◆ **Task statement**
Give back exactly the lines of the material below that start at the one holding "Платье вечернее сияющее" and end at the last line, minus the pictures.

◆ **Dataset extract**
▽
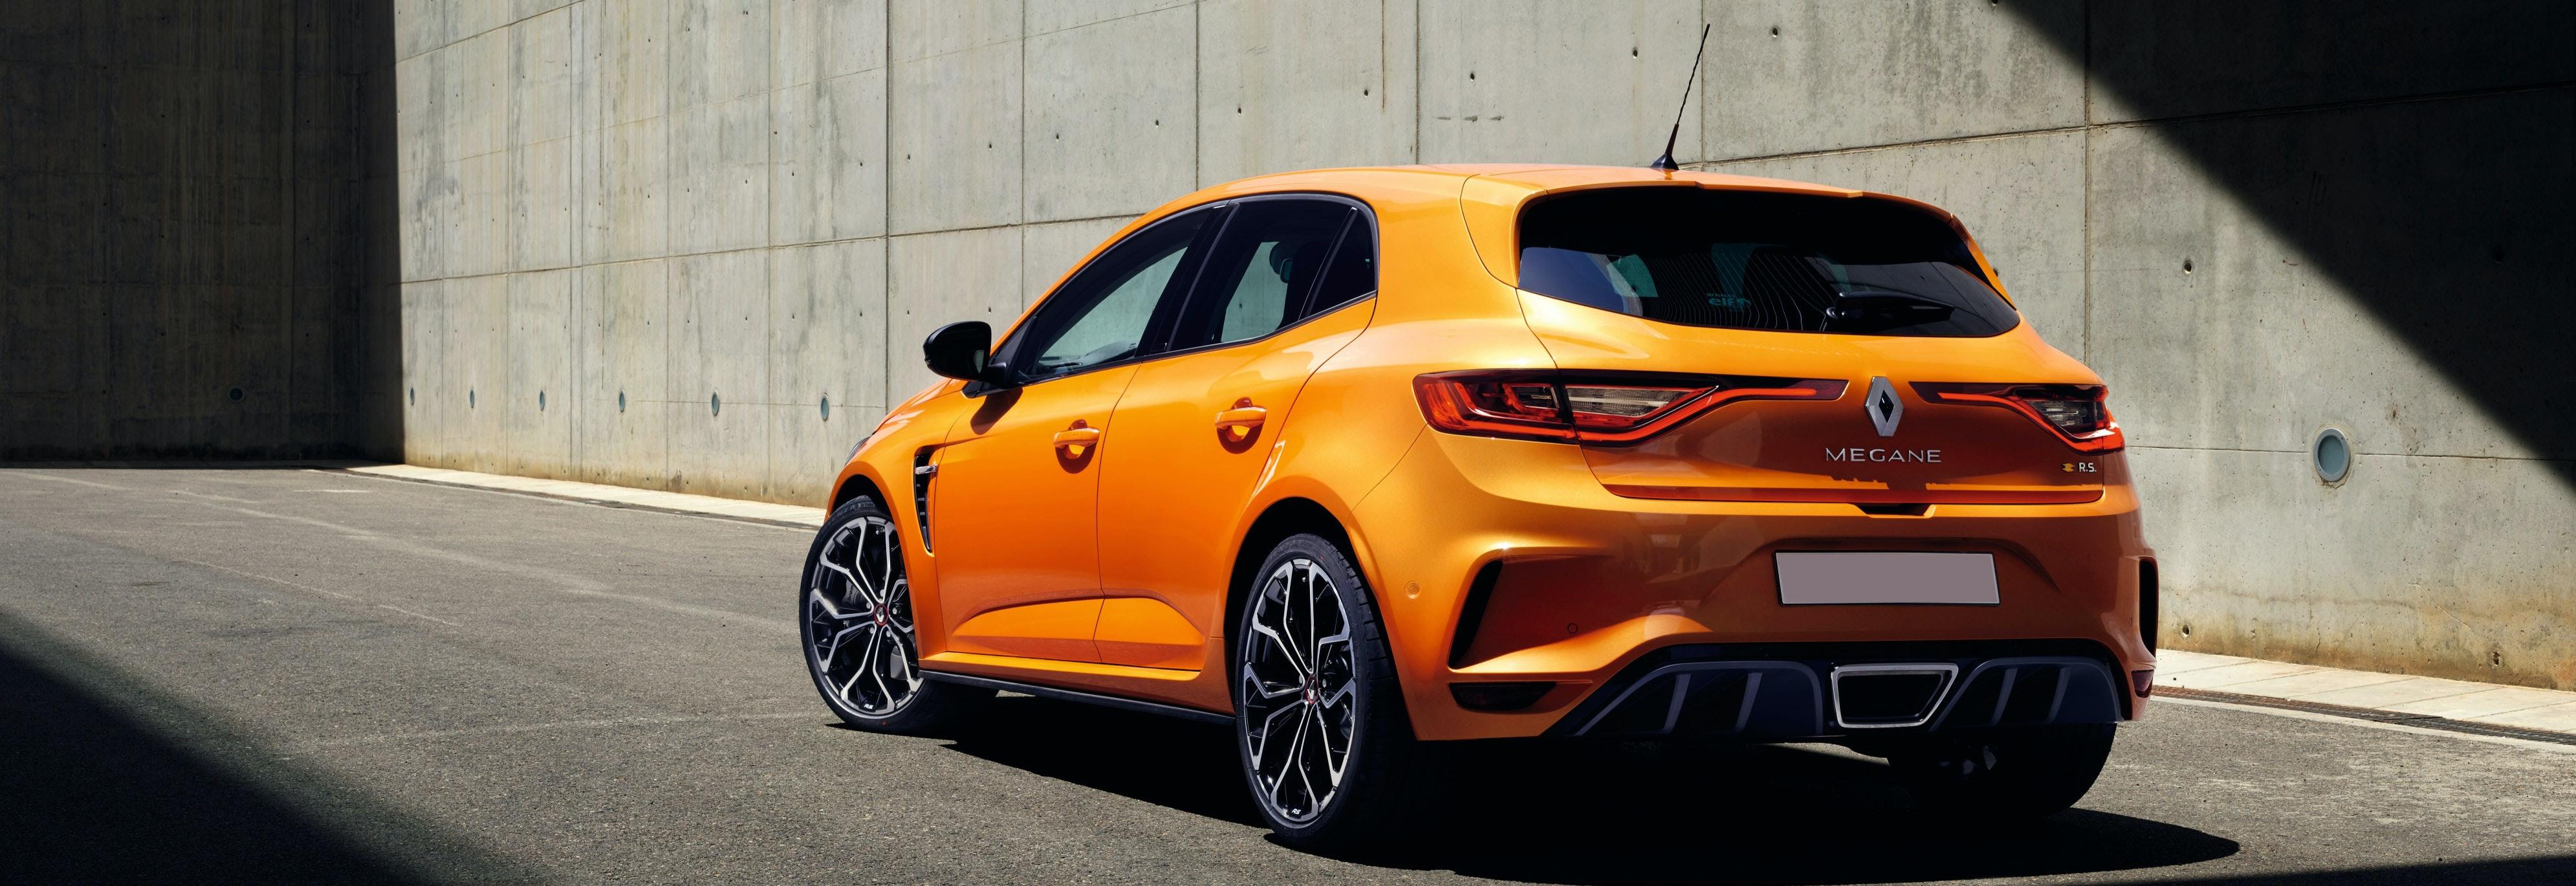 Renault megane rs price
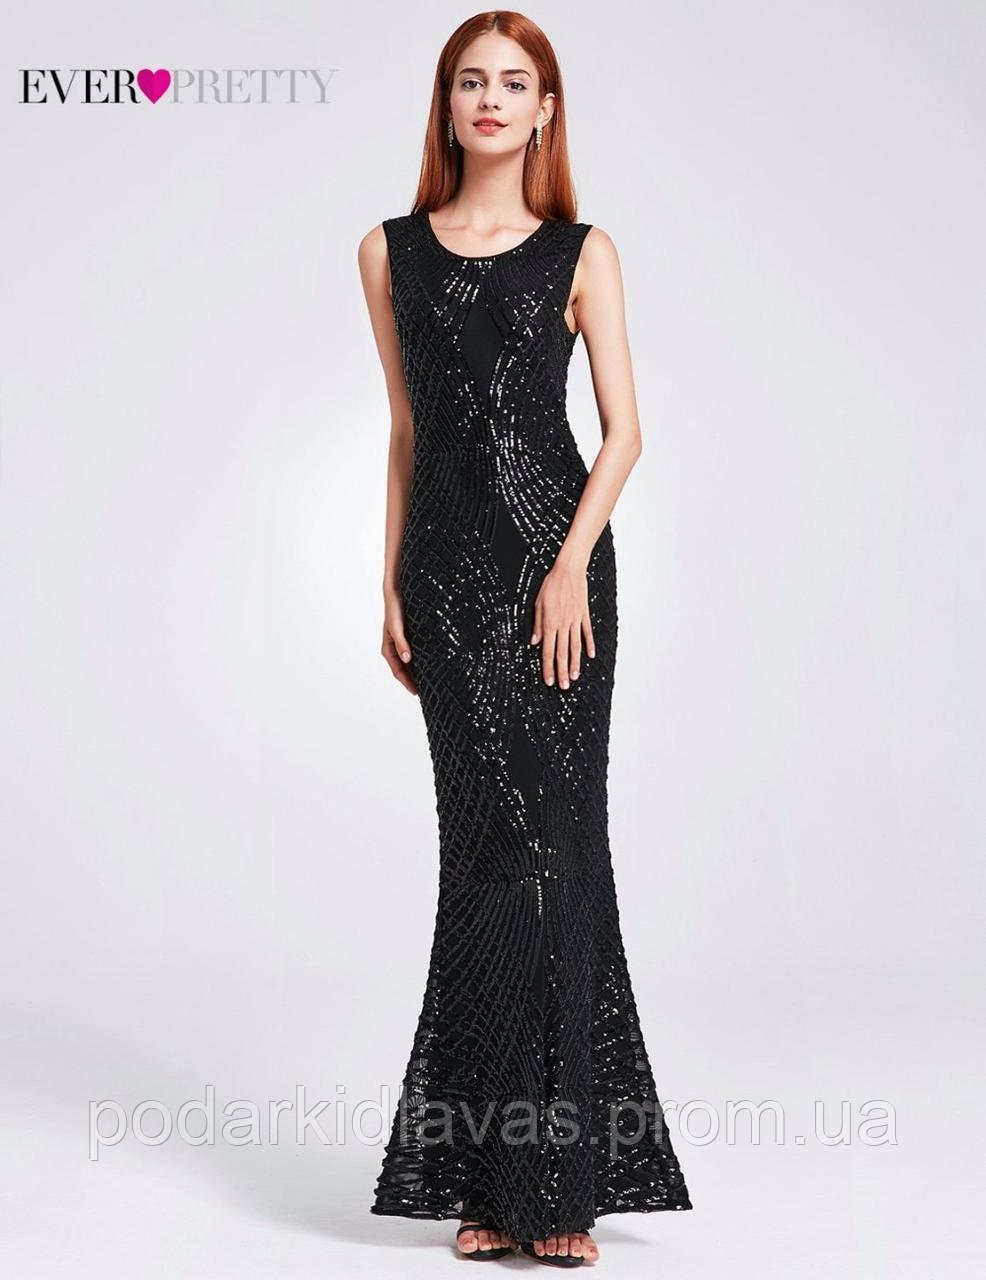 Платье вечернее сияющее длинное в пайетках  42-44
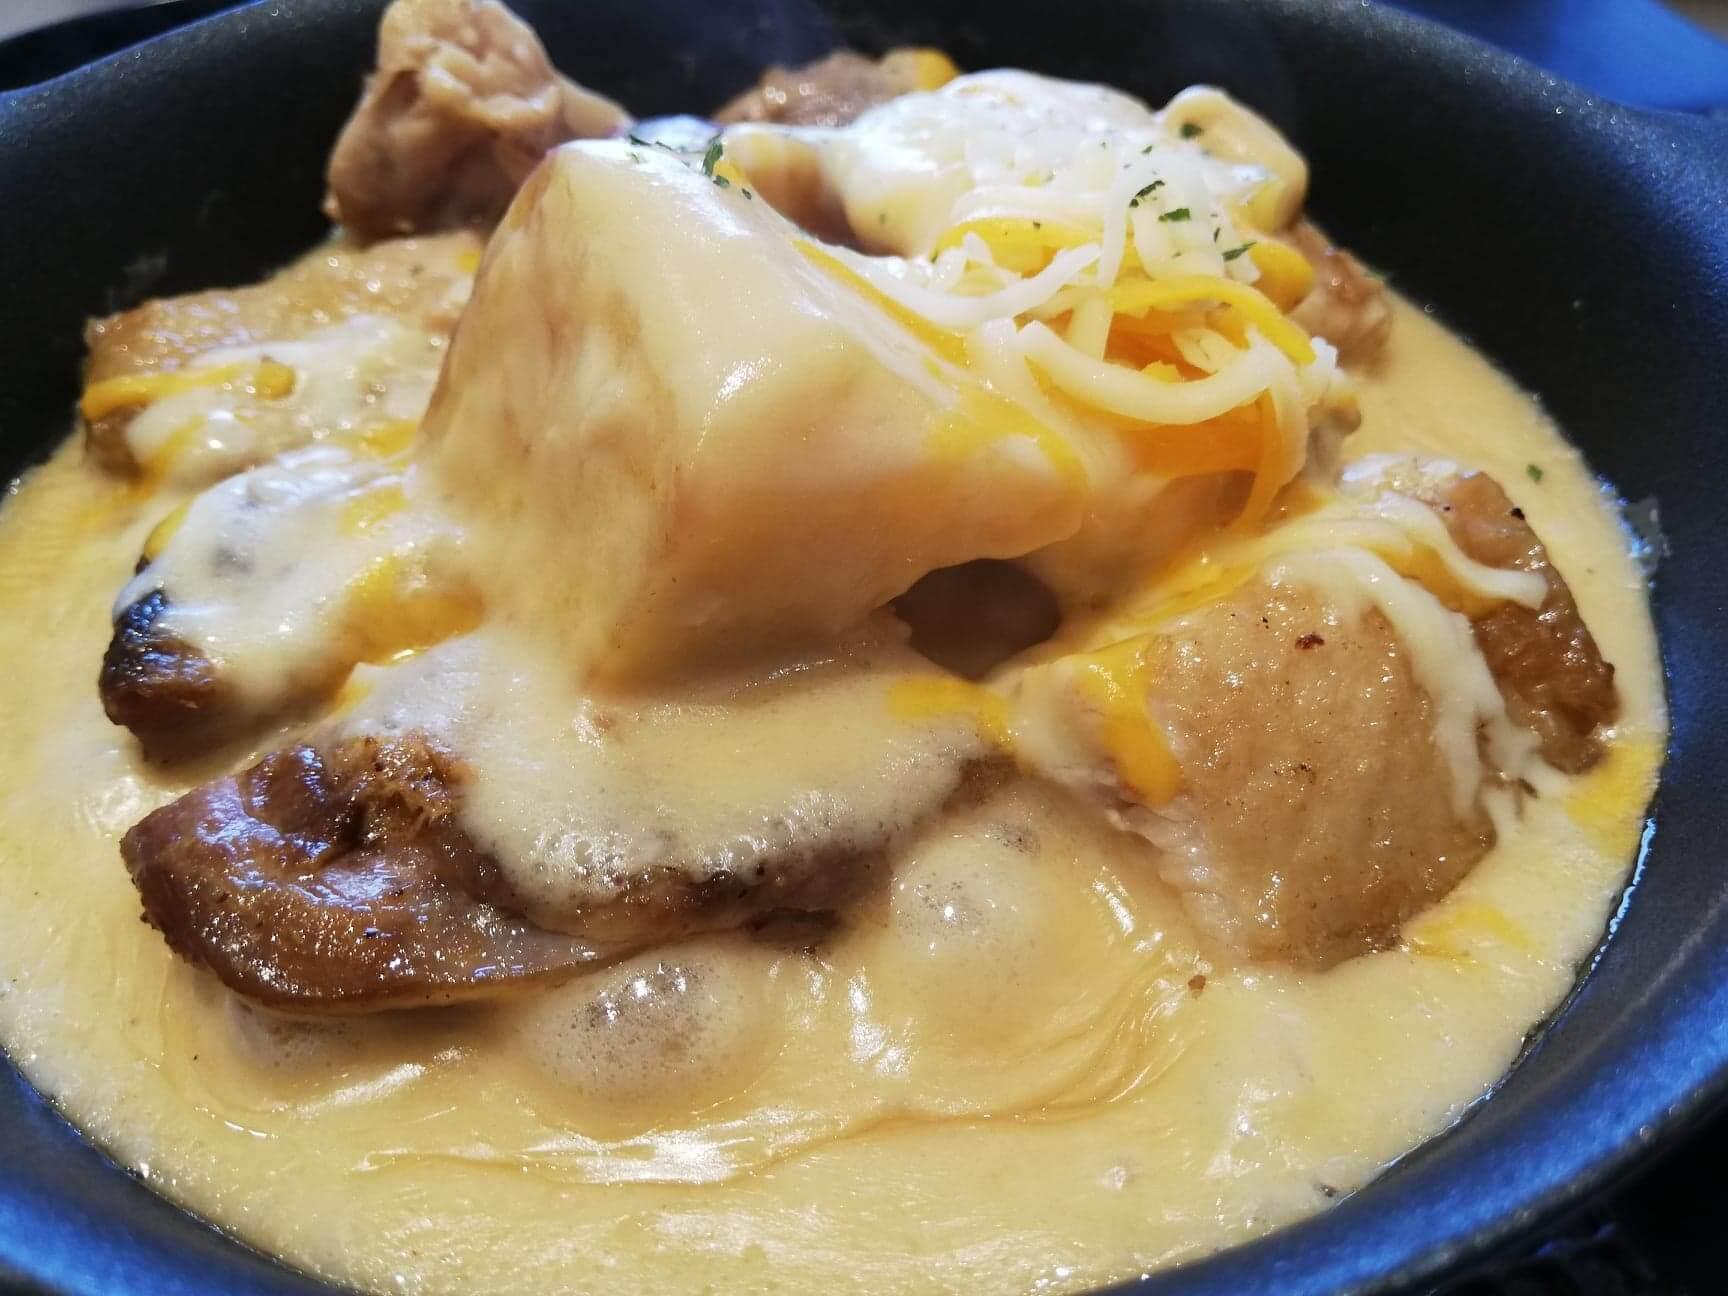 松屋『シュクメルリ鍋定食』のアップ写真
△
◆ **Finished task**
 Платье вечернее сияющее длинное в пайетках  42-44
 松屋『シュクメルリ鍋定食』のアップ写真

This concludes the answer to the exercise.